Living up to the their name, Drive-By Truckers haven't stopped at my place in all the 12 years of their existence. Until now. Led by Patterson Hood and Mike Cooley, the group makes straight-down-the-road rock music which cleaves to the simple belief that you can't have too many guitars. This record is drenched in them and to good effect. Added to the guitars and sturdy song structures is a delight in telling terrific tales. The Big To-Do features hard-nosed hookers, the ultimate bender, sex shenanigans, rubbish jobs and local bad boys. Best is the story of the Flying Wallendas, a high-wire trapeze act that defied death, but not all the time.
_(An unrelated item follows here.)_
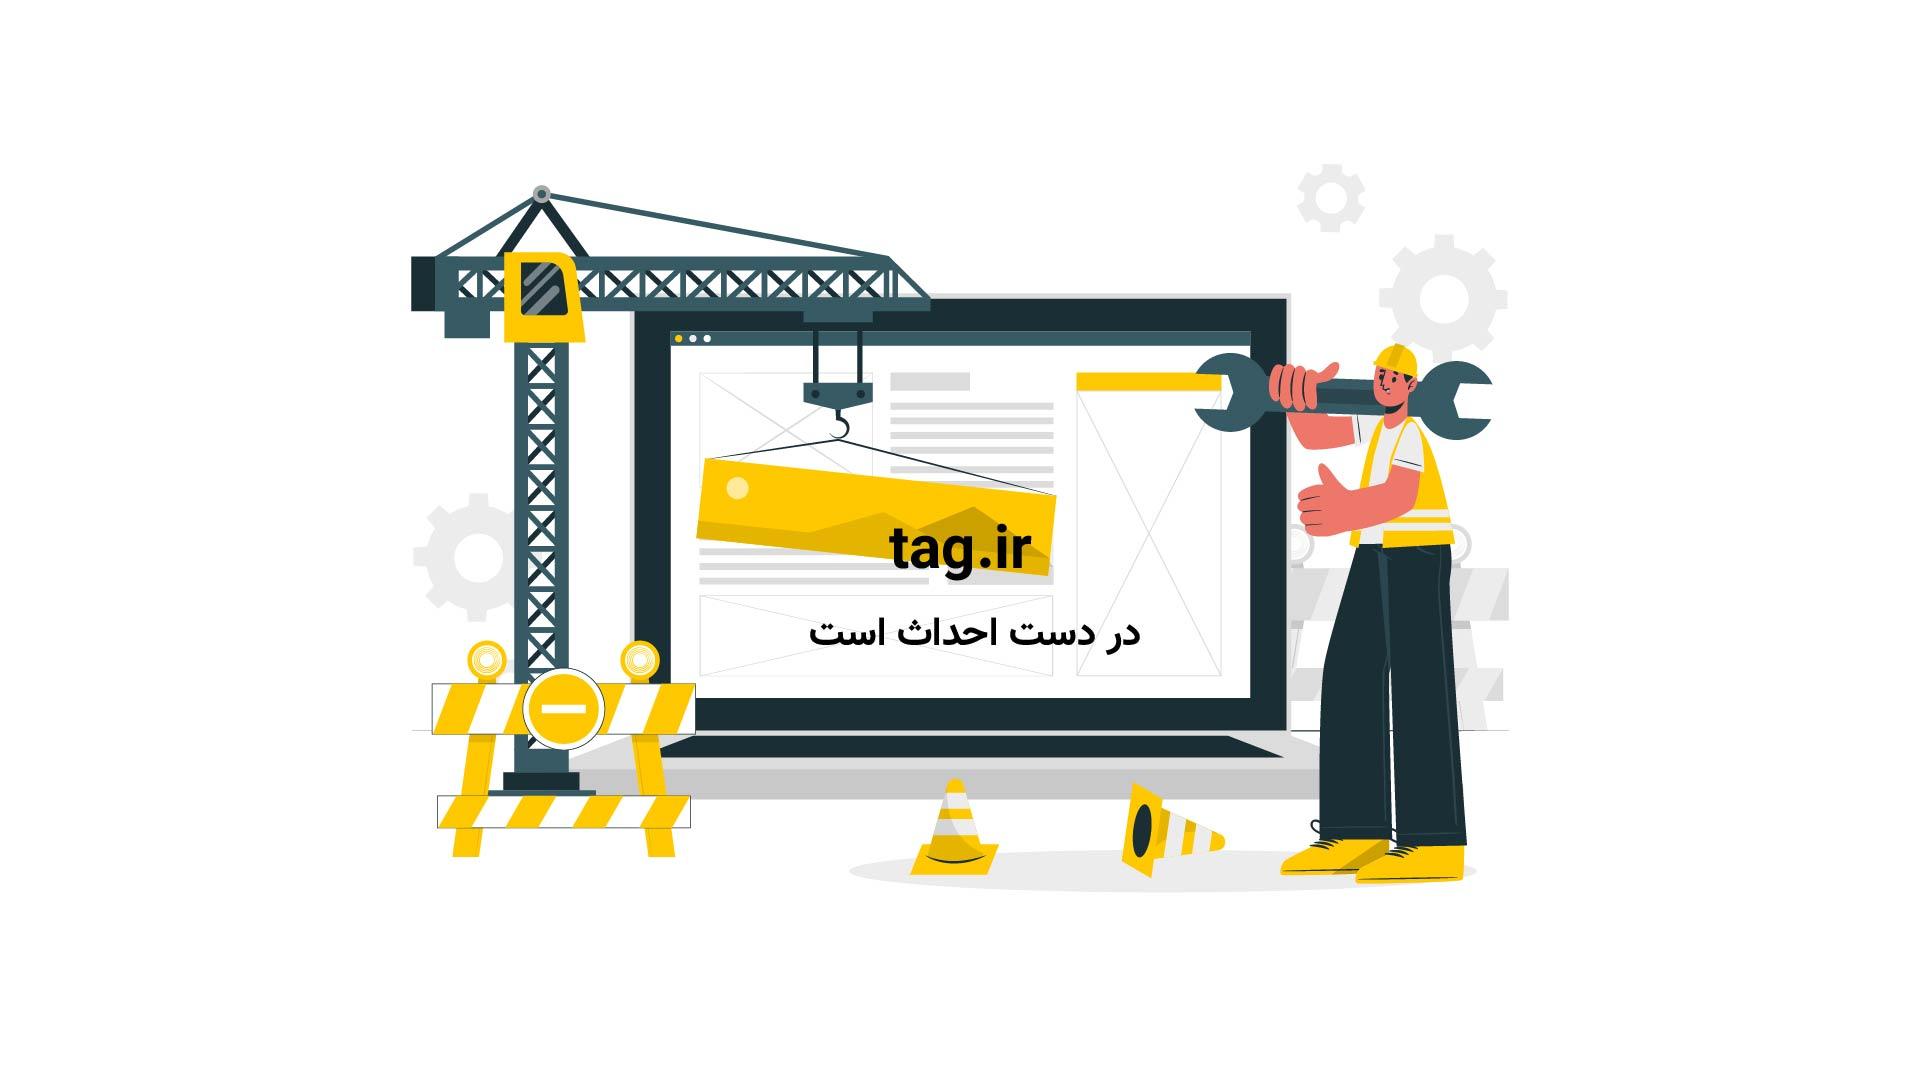 غار جیتا از جاذبه های گردشگری در لبنان | فیلم
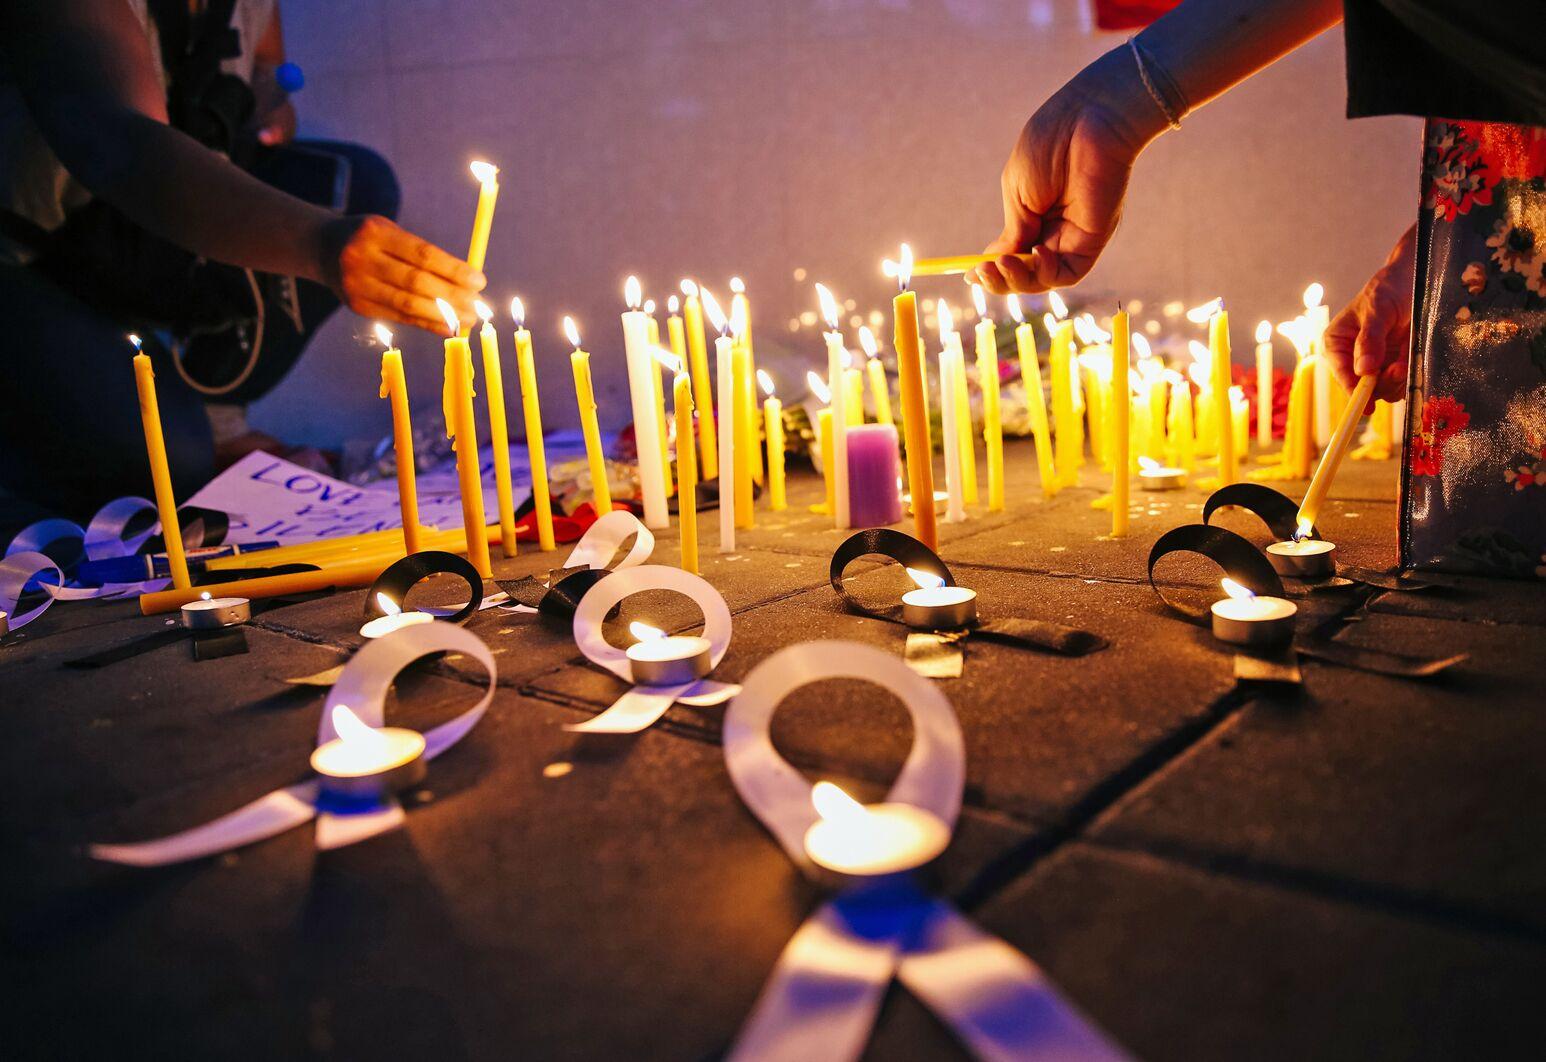 A candlelight vigil

If you yearn for the great days of Tom Petty and Neil Young, you will love this retro-monster.
PETE CLARK

Angus & Julia Stone
Down The Way
(Flock Music)
****

Very possibly the world's favourite Australian indie-folk brother and sister duo, Angus & Julia Stone are as winning as they are winsome. They've crafted a spartan yet oddly warm sound, where his genuinely lovely or her more acquired Joanna Newsom-esque vocals compete and complement. Initially championed by Travis's Fran Healy, they have evolved into a deeper albeit less idiosyncratic proposition on this second album. When they add sparkling melodies as on the Angus-sung Big Jet Plane (which for all its charms is quietly and unambiguously lust-laden) or Julia's declaration of devotion, For You,
you can almost sense the hushed reverence in medium-sized halls throughout the land.
JOHN AIZLEWOOD

Lou Rhodes
One Good Thing
(Motion Audio)
***

Lou Rhodes has reunited with Andy Barlow, her old musical partner in trip-hop act Lamb. You might have expected the duo to revisit their old sound, especially now their contemporaries Portishead and Massive Attack are back in vogue. Instead, Rhodes has something weightier on her mind — the death of her sister — and uses Barlow's studio to record her third solo album of glacial folk instead. Grief infuses the music, especially when she tackles the subject head-on in Janey. Plucked guitar, restrained strings and her softly quivering voice make for a claustrophobically intimate experience. More variation would make for wider appeal, though it sounds like it had to be made whether anyone else wants to listen or not.
DAVID SMYTH

Don Rendell-Ian Carr Quintet
Live at the Union 1966
(Reel Recordings)
***

With early Ian Carr albums fetching up to £1,800 on eBay, this rarely heard session, remastered from tapes found after the distinguished writer/trumpeter's death last year, blushingly enters the market. Recorded at London University's student union it finds Carr and saxman Rendell in the hectic UK free-bop mode that preceded electronic jazz-rock fusion. Fast tempos, mostly in then-fashionable 6/8 time, occupy drummer Trevor Tomkins and bassists Dave Green or Tony Reeves. Mellower moments include pianist Michael Garrick's ballad, Ursula, and laidback blues, Webster's Mood, with Rendell on flute. Proceeds go to the Alzheimer's Research Trust.
JACK MASSARIK

Sierra Maestra
Sonando Ya
(World Village)
****

It was Sierra Maestra who kicked off the revival of Cuban son back in the mid-Seventies — long before the Buena Vista Social Club became international superstars. The nine-piece group still has five original members and they are masters of Cuban son — with piercing trumpet, soft jangly tres guitar and a lively bed of Afro-Cuban percussion. Many of the songs here are new, but they sit alongside the classic repertoire. Most of the songs are about love, of course, but many are about music. Un Toque de Bembé is a celebration of Afro-Cuban Yoruba religion, packed with percussion, and Sangre Negra is about the band itself. They play live at Darbuka in Clerkenwell on Monday.